Even though they can be connected to a centralised backbone in the form of a cloud or data centre, edge devices can perform tasks remotely and independently. They are less reliant on network connectivity and as such are well-suited to perform critical functions which can run uninterrupted even if there are network outages.
Edge computing benefits
Improved data security: Processing sensitive data such as patient records, personal information and other sensitive information requires a high level of security, and edge computing is ideal for these cases because data is collected and processed locally. This not only eliminates the risk of data being intercepted while in transit, but also helps reduce costs associated with data transmission while adhering to applicable data privacy laws.
Real time responsiveness: Because edge devices collect and process data locally without a need for internet connectivity, the decision process can be made in real-time, and this improved responsiveness results in better user experience.
Improved data quality: Quality data is central to decision-making. For mission-critical systems this becomes very important, as making wrong decisions due to incorrect or incomplete data may lead to undesired outcomes. As data processing takes place on the edge devices, close to the point of capture, the quality of data is greatly improved.
Improved system reliability: Edge computing improves system resilience by providing a self-sufficient system that can operate independently without a need to be connected to a central system over the internet.

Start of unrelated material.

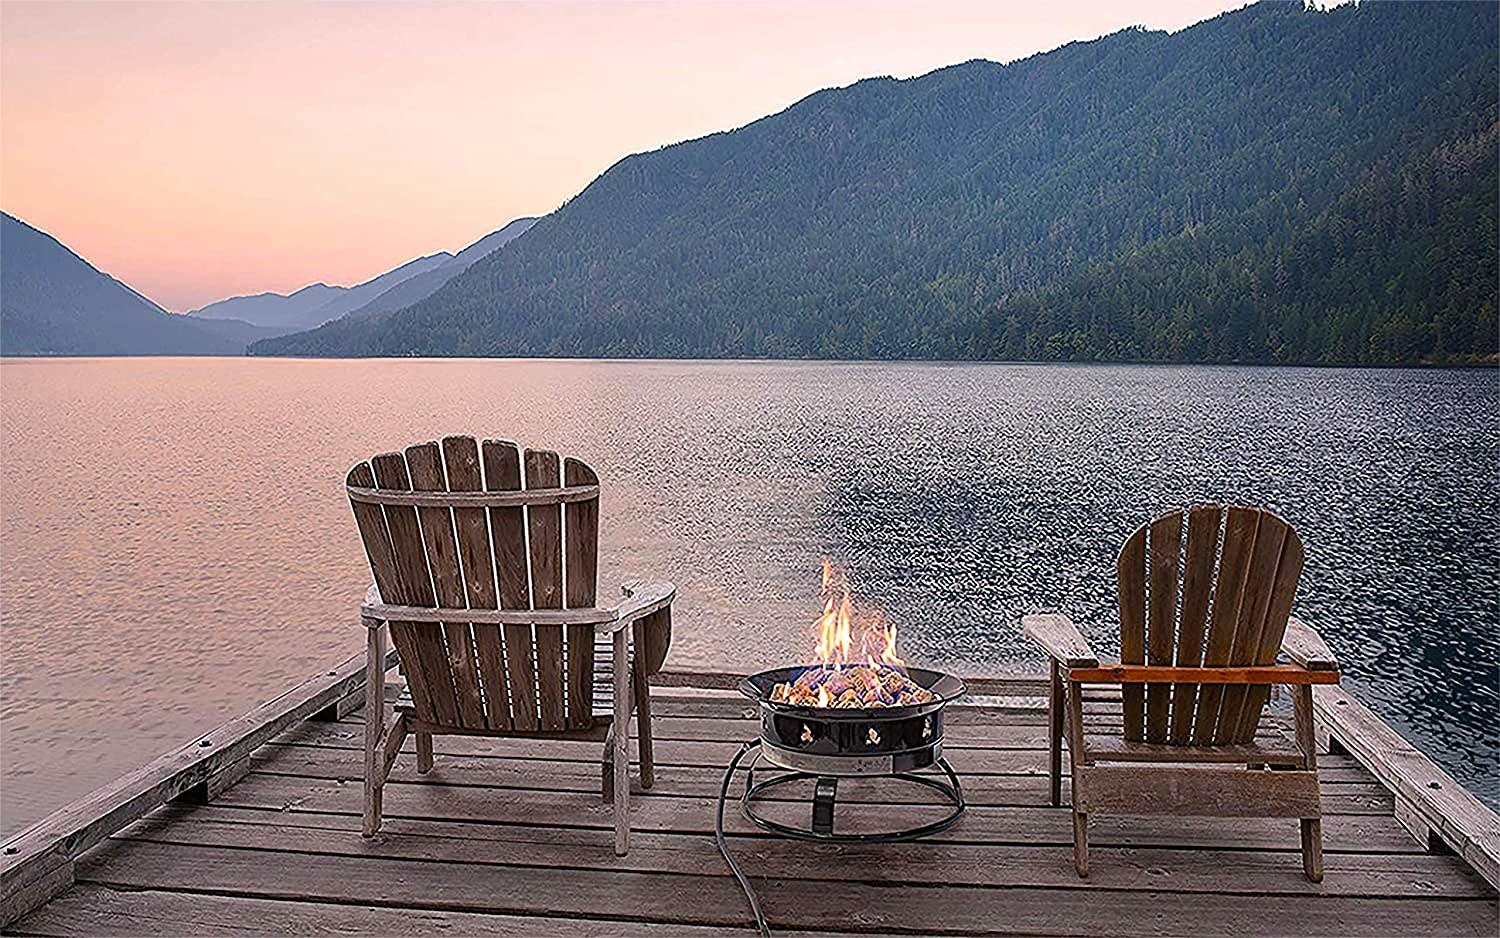 Fire pit on a dock by the lake in the middle of two chairs

Network resiliency: A stable network is required to enable and support automation. Private networks made possible by 5G technology are making industrial automation possible even in remote areas like mines or plants. 5G enables low latency connectivity among various edge devices on-site, providing a stable, dedicated network. This wireless broadband technology is transforming traditional industries like manufacturing, mining and agriculture by automating various functions, resulting in improved production.

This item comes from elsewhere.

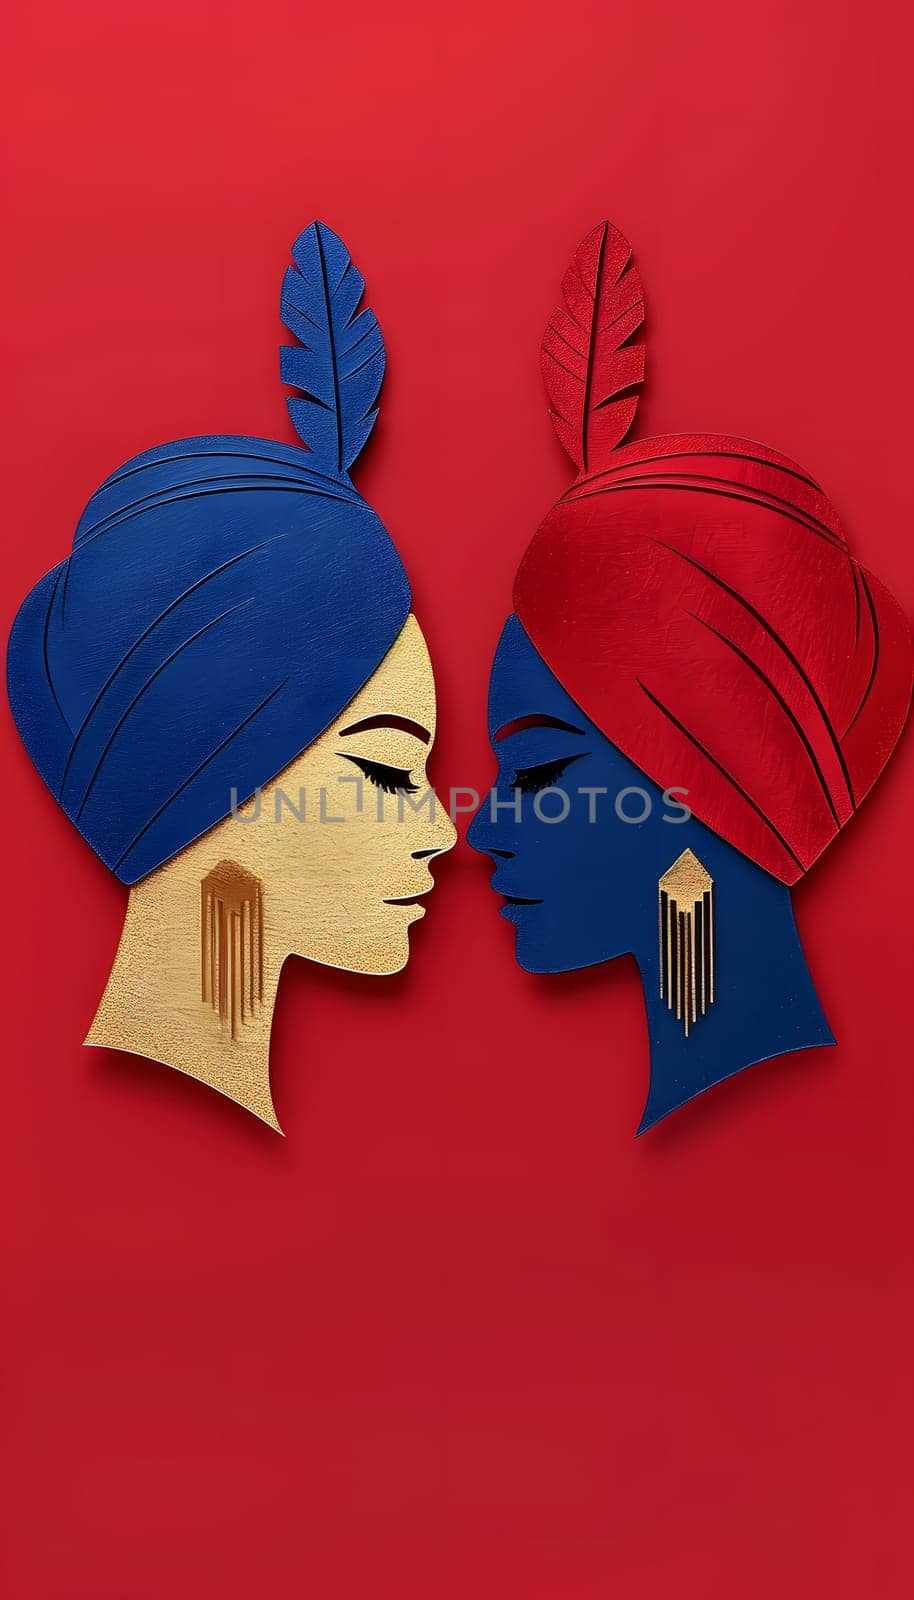 two women wearing turbans and earrings are looking at each other on a red background by Nadtochiy

Security and surveillance: Recent advances in artificial intelligence and machine learning have resulted in edge devices like smart cameras, which use computer vision to accurately process digital images and videos. Computer vision can help law enforcement agencies with analysing footage and assist to identify criminal suspects. Smart cameras can be used to proactively assist police by predicting the likelihood of crime being committed in a particular area, so that measures are put in place to prevent it.
5G private network: Mobile operators are actively investing in broadband technologies like 5G as they seek to pivot new products and services to attract new clients. The mining industry is embracing 5G technology to digitise operations and this has the potential to improve operational efficiencies and overall safety and in the long run could bring down the cost of mining.

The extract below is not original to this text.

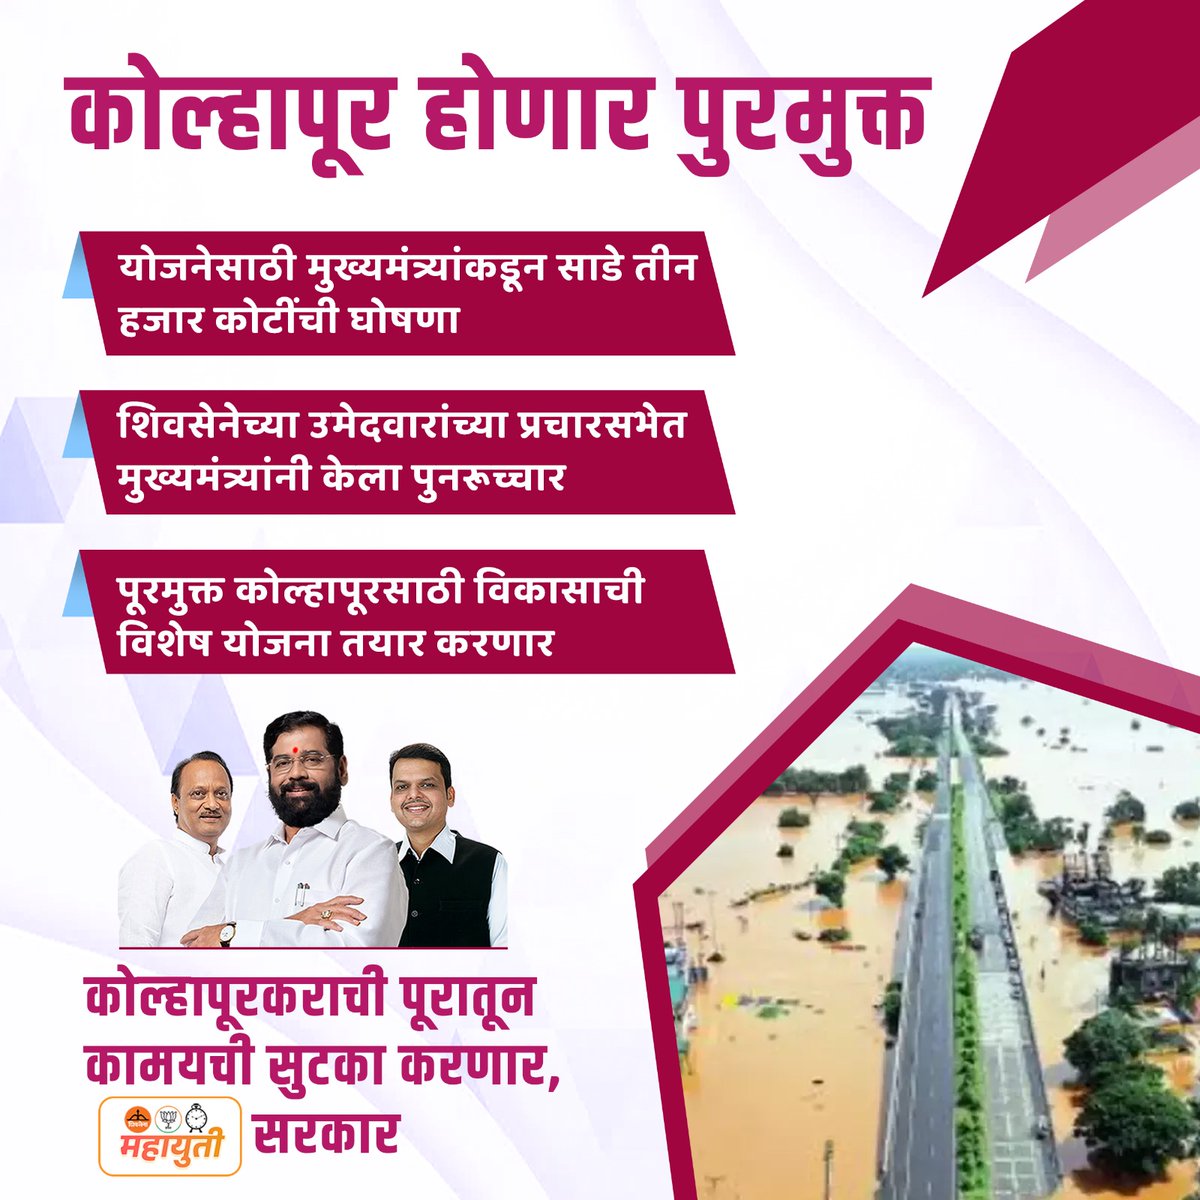 Shiv Sena's campaign meeting witnessed a powerful pledge from CM Eknath Shinde to make Kolhapur flood-free. This proactive approach towards disaster management deserves applause.

Internet of things edge: IOT edge devices and sensors generate and locally process large volumes of data in real-time. Keeping the computing process on the edge of the network eliminates latency, making these devices process and transmit data in real-time.
Retail industry: Edge computing can bring together online and offline shopping to improve customer experience. Retail apps can be enhanced to personalise the shopping experience while at the physical shop. For example, by recommending products to purchase based on customer shopping history. The app can also notify customers of items that are currently on promotion. Edge computing is therefore powering a move to self-service and autonomous stores. This is opening new opportunities for the retail industry, and it can allow shops to operate 24/7.
Edge computing allows organisations to collect, process and analyse data in real-time to derive actionable insights. Edge devices can harness the power of AI and machine learning to enhance the user experience for both employees and customers.